= A Special Sesame Street Christmas =

1978 Christmas television special

A Special Sesame Street Christmas is a 1978 CBS Christmas special, made the same year as the better-known Christmas Eve on Sesame Street. The special was first broadcast on Friday, December 8, 1978, at 8 PM ET on CBS, pre-empting Wonder Woman that week, starring Leslie Uggams.

The special features only three of the Sesame Street Muppets: Oscar the Grouch, Big Bird, and Barkley the dog. Barkley is played by gymnast Toby Towson. The puppet used for the special was different from the one used for the series, making him five feet tall, or higher, at times in the special. Mr. Hooper, David, Bob, and Maria are the only humans from the regular cast to make appearances, while most of the regulars are replaced by a large, somewhat all-star cast.

The special features many plot elements that are very loosely tied together, the most important being Oscar as the "Ebenezer Scrooge" on Sesame Street, as a minor takeoff on Charles Dickens' 1843 novella A Christmas Carol. They include Leslie Uggams thinking lemonade was hot chocolate, singer Anne Murray and a magic eggnog container, Oscar adopting a kitten with a broken leg, and Ethel Merman calling Imogene Coca an idiot. Also appearing are Dick Smothers (only one half of the Smothers Brothers was hired for the special), Henry Fonda and Michael Jackson of The Jacksons.
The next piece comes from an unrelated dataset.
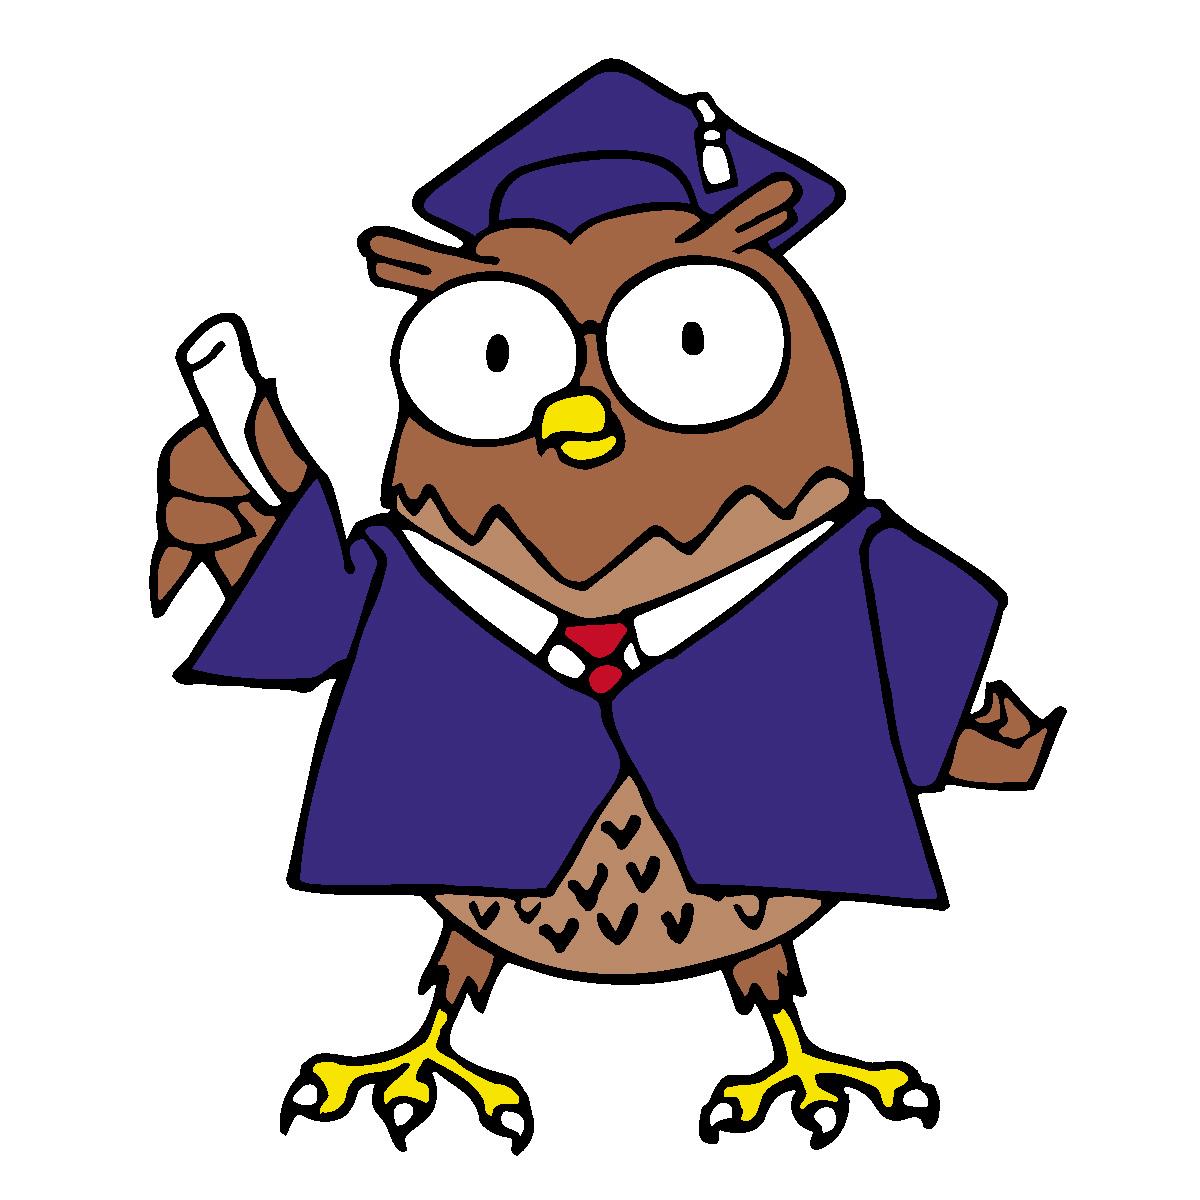 Clipart Vector Professor Owl . .-Clipart Vector Professor Owl . .-18
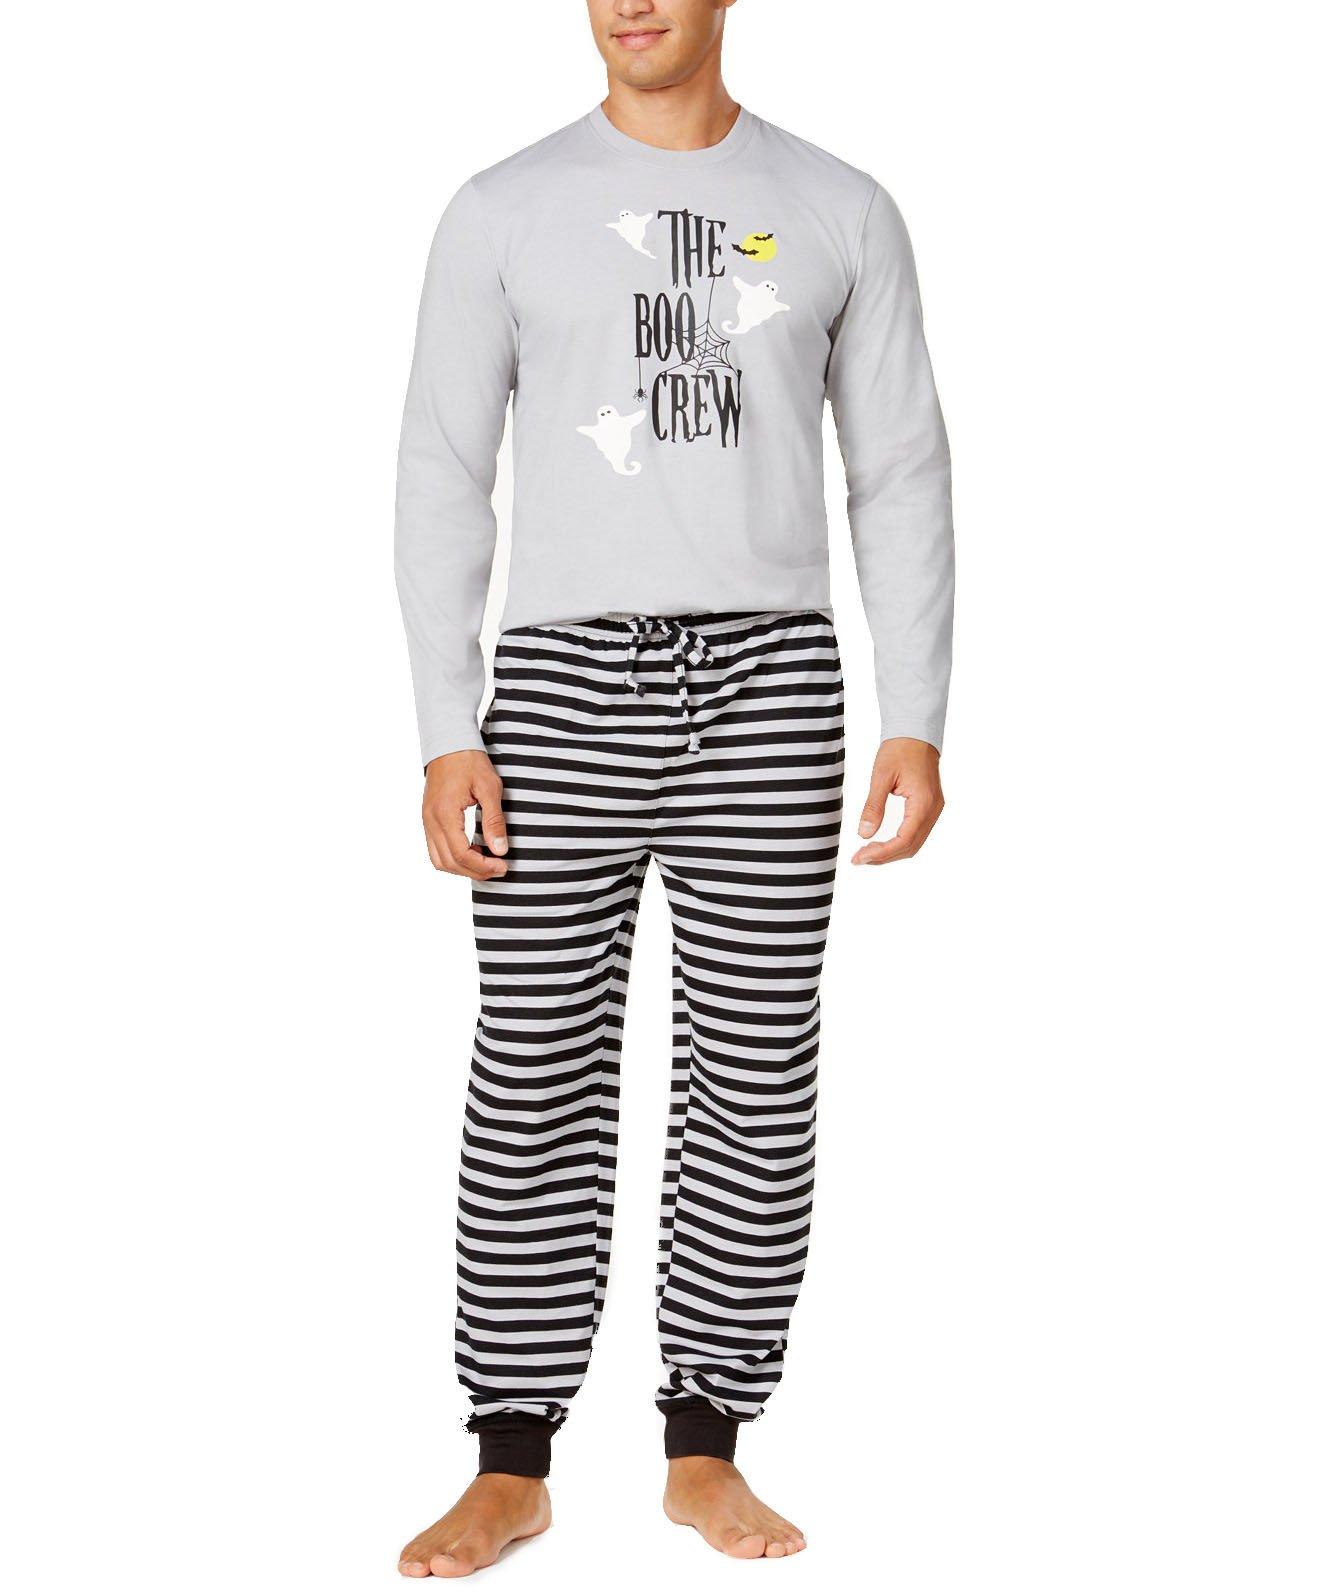 Family Pajamas Men's Boo Crew Knit Pajama Set (Medium, Boo Crew)

The special was mainly produced for CBS not by the Children's Television Workshop (now Sesame Workshop), but by Bob Banner Associates, notable for Perry Como's Christmas specials. The producers paid CTW for the use of the set, some of the adult characters, Big Bird and Oscar the Grouch, with everything else, including the script and the Barkley costume, provided by Banner staffers.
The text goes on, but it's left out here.